Microscopy image of a three-dimensional culture in which cells that express E7 (green) accumulate in the bottom layer of the culture. Image credit: Hatterschide et al. (CC BY 4.0)
The ‘epithelial’ cells that cover our bodies are in a constant state of turnover. Every few weeks, the outermost layers die and are replaced by new cells from the layers below. For scientists, this raises a difficult question. Cells infected by human papillomaviruses, often known as HPV, can become cancerous over years or even decades. How do infected cells survive while the healthy cells around them mature and get replaced?

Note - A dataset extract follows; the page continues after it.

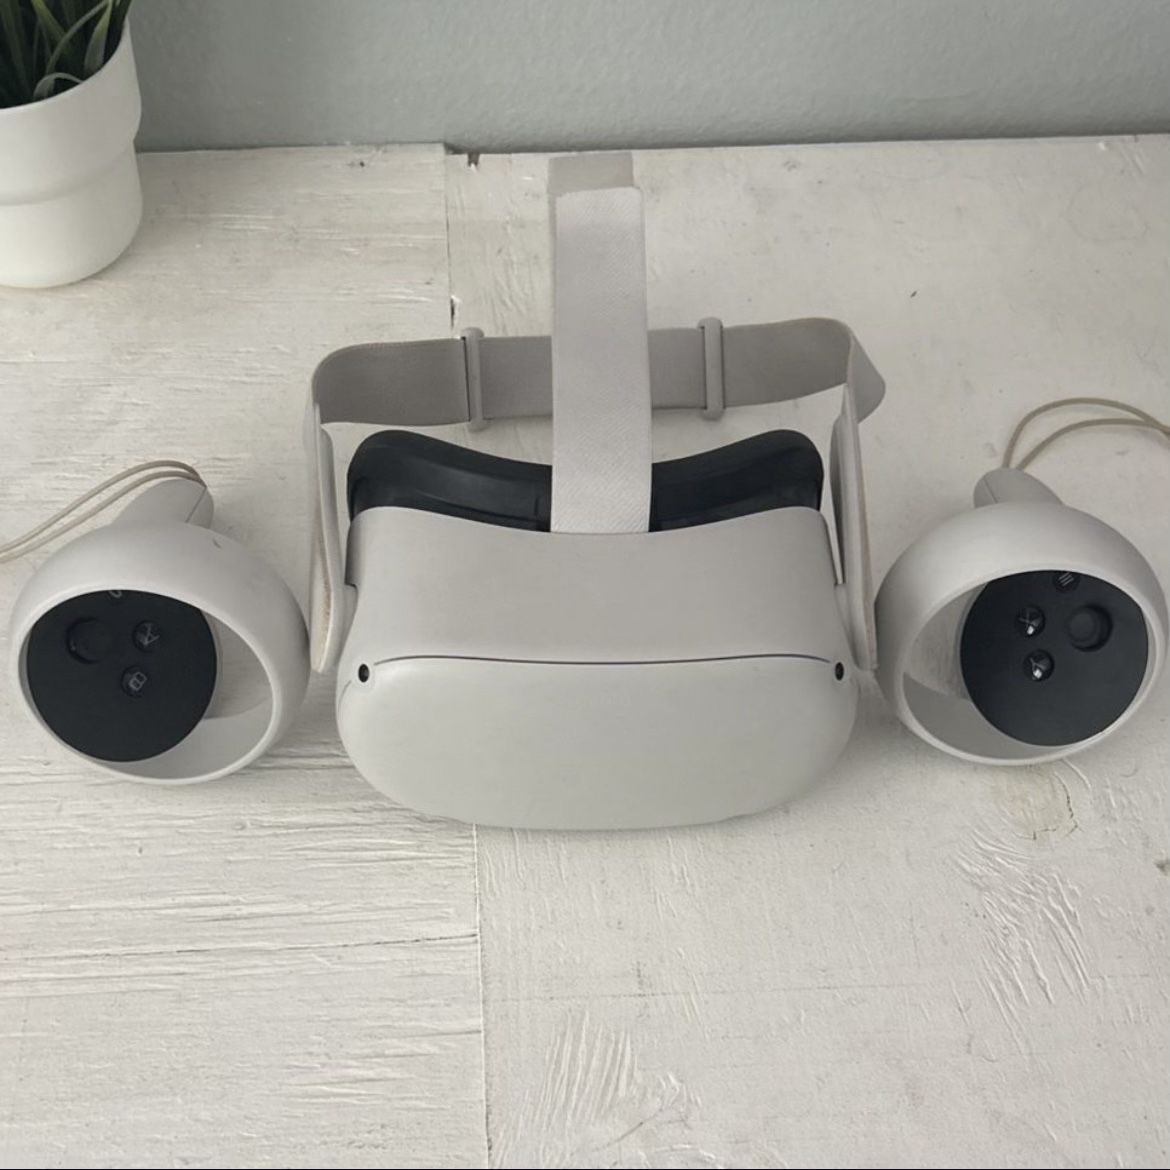 Oculus Quest 2 VR Headset (good condition)
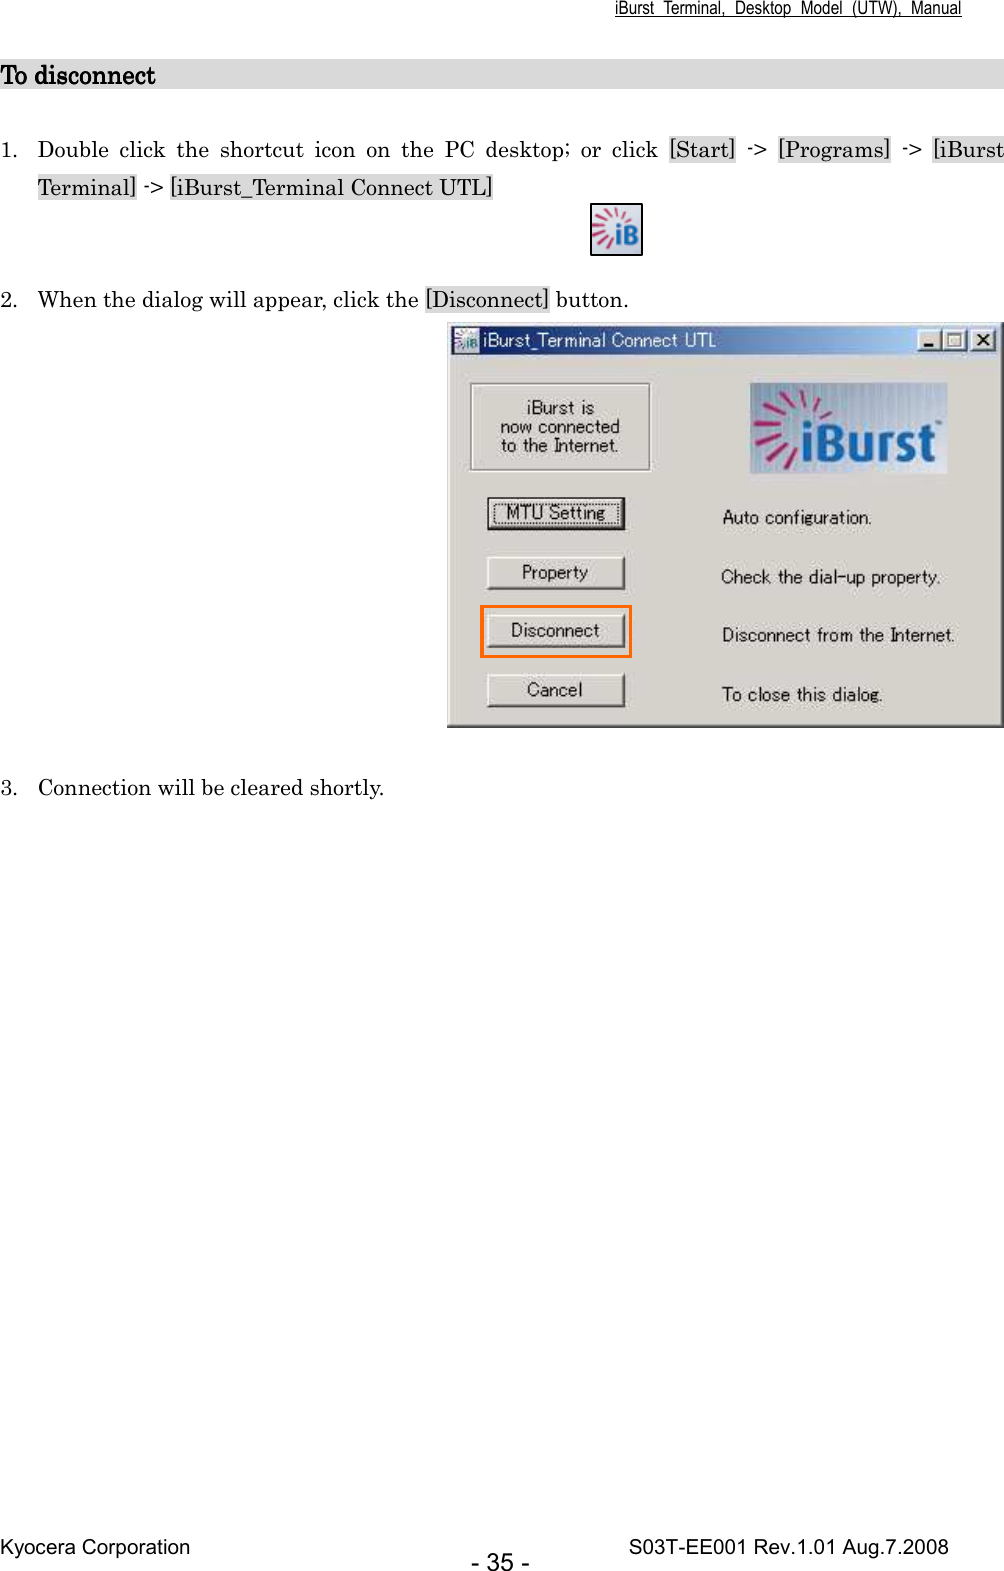 iBurst  Terminal,  Desktop  Model  (UTW),  Manual Kyocera Corporation                                                                                    S03T-EE001 Rev.1.01 Aug.7.2008 - 35 - To To To To disdisdisdisconnectconnectconnectconnect                                                                                                                                                                                                                                                                                                                                                                                                                                                                                                                                         1. Double  click  the  shortcut  icon  on  the  PC  desktop;  or  click  [Start]  -&gt;  [Programs]  -&gt;  [iBurst Terminal] -&gt; [iBurst_Terminal Connect UTL]   2. When the dialog will appear, click the [Disconnect] button.   3. Connection will be cleared shortly.

One clue could lie in PTPN14, a human protein which many papillomaviruses eliminate using their viral E7 protein; this mechanism could be essential for the virus to replicate and cause cancer. To find out the impact of losing PTPN14, Hatterschide et al. used human epithelial cells to make three-dimensional models of infected tissues. These experiments showed that, when papillomaviruses destroy PTPN14, a human protein called YAP1 turns on in the lowest, most long-lived layer of the tissue. Cells in which YAP1 is activated survive while those that carry the inactive version mature and die. This suggests that papillomaviruses turn on YAP1 to remain in tissues for long periods.
Papillomaviruses cause about five percent of all human cancers. Finding ways to stop them from activating YAP1 has the potential to prevent disease. Overall, the research by Hatterschide et al. also sheds light on other epithelial cancers which are not caused by viruses.